Pharmacoeconomics Assessment of cost-effectiveness for the treatment of Community-Acquired Pneumonia and Chronic Bronchitis Exacerbations with gemifloxacin in patients attended at the Instituto Mexicano del Seguro Social
Keywords:
análise custo-efetividade, gemifloxacino, DPOC, pneumonias, pneumonias adquiridas na comunidade, antimicrobianosAbstract
Objective: To assess effectiveness and associated costs to antibacterial treatments used within ambulatory and inpatient services in patients with community-acquired pneumonia (CAP) and acute exacerbations of chronic bronchitis (AECB) from the Social Security Mexican Institute perspective (IMSS). Methods: Cost-Effectiveness Evaluation: Decision tree models and a Markov model (AECB recurrences) were performed. Comparators were levofloxacin, gatifloxacin, moxifloxacin, amoxicilin, clarithromycin, ceftriaxone, cefuroxime versus gemifloxacin.
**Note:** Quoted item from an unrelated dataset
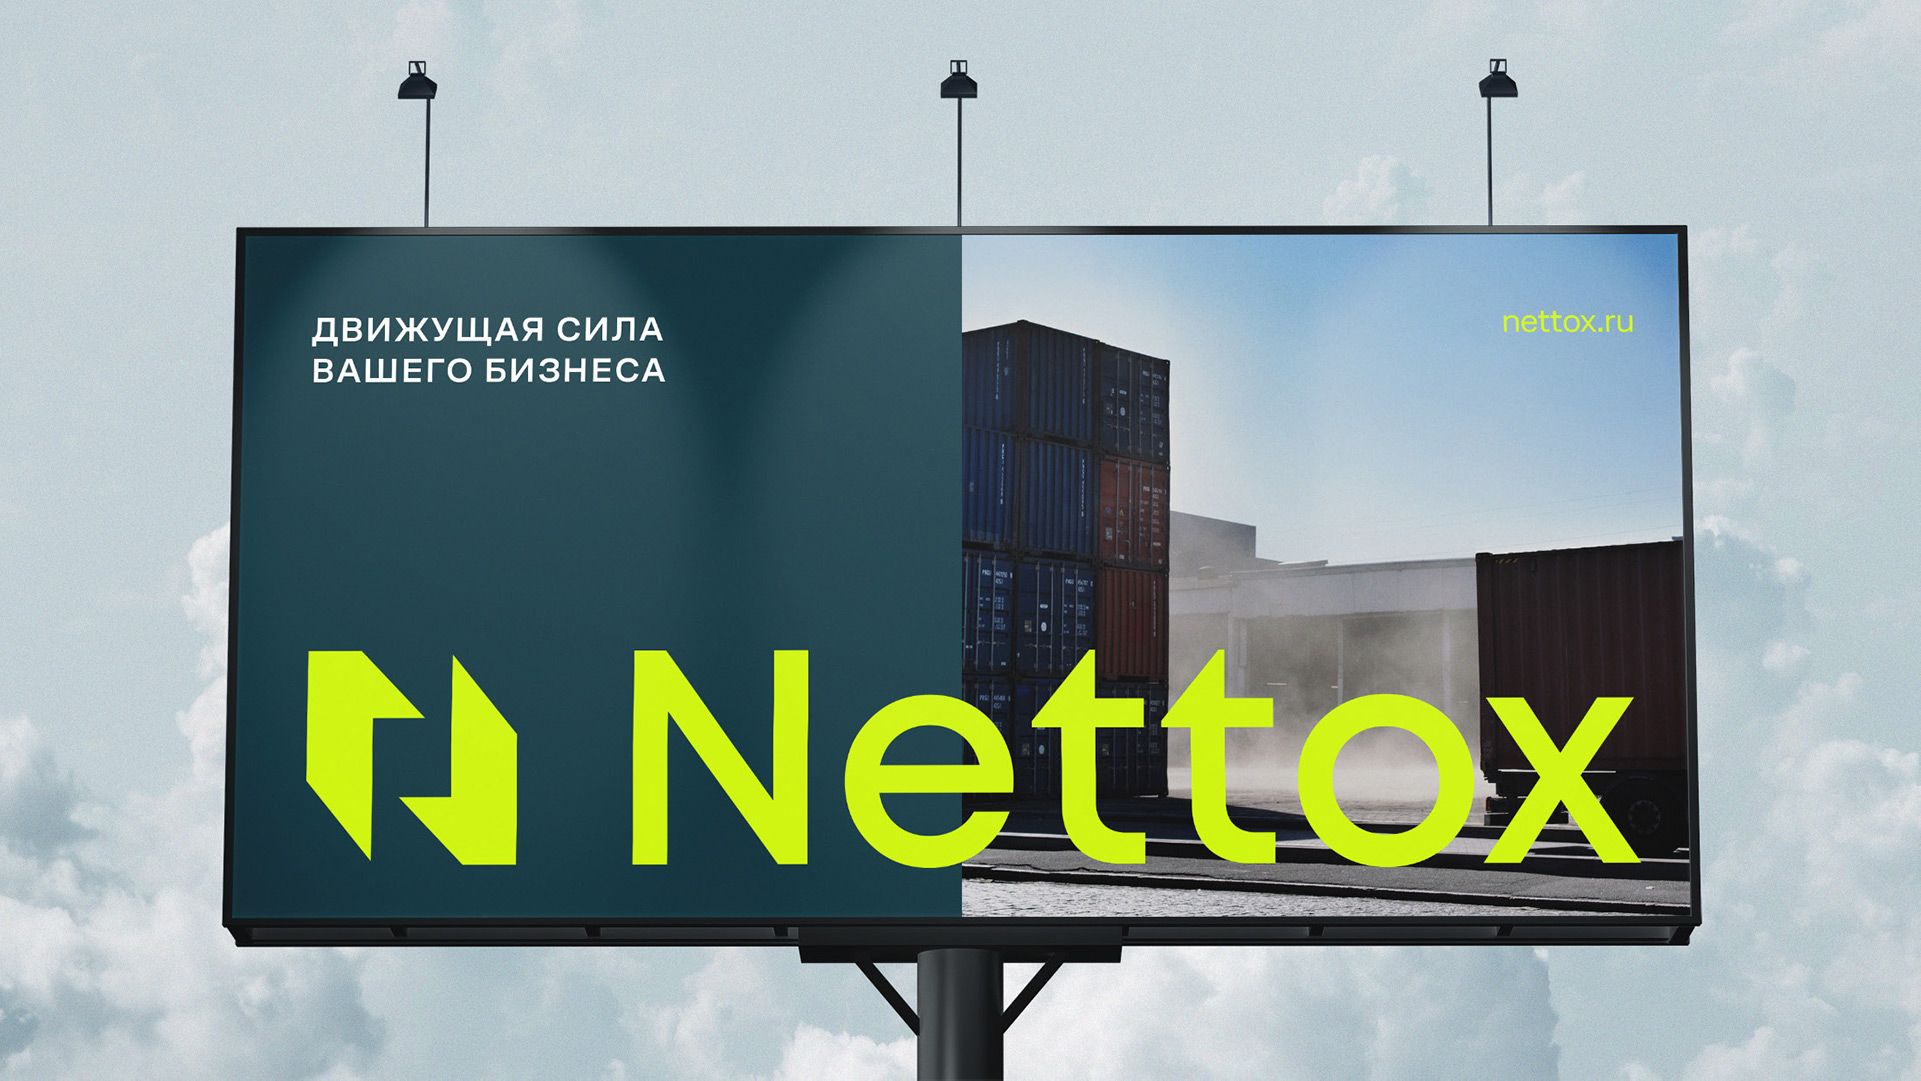 NETTOX image

Effectiveness measure was the clinical successful rate. Results: The effectiveness among all antimicrobials in comparison varied between 83 y 98%, and in all scenarios the highest effectiveness was for gemifloxacin. When evaluating the months free of recurrence in patients with AECB, gemifloxacin remained an average of 11.12 free-months. Ambulatory treatment costs was estimated among €179, 89 and €205, 47, been gemifloxacin the less costly. Within the hospital setting the estimated costs were between €1.814, 36 and €4.817.57, been gemifloxacin the less costly alternative. Therefore, gemifloxacin result the most cost-effectiveness option dominating the rest of the analyzed treatments, even in the sensitivity analyses changing its costs, effectiveness levels and adverse events rates. Conclusion: Gemifloxacin resulted the most cost-effectiveness option for the treatment of CAP and AECB using a time horizon of three months and remained patients with CBE free of recurrences for a longer period of time during a year.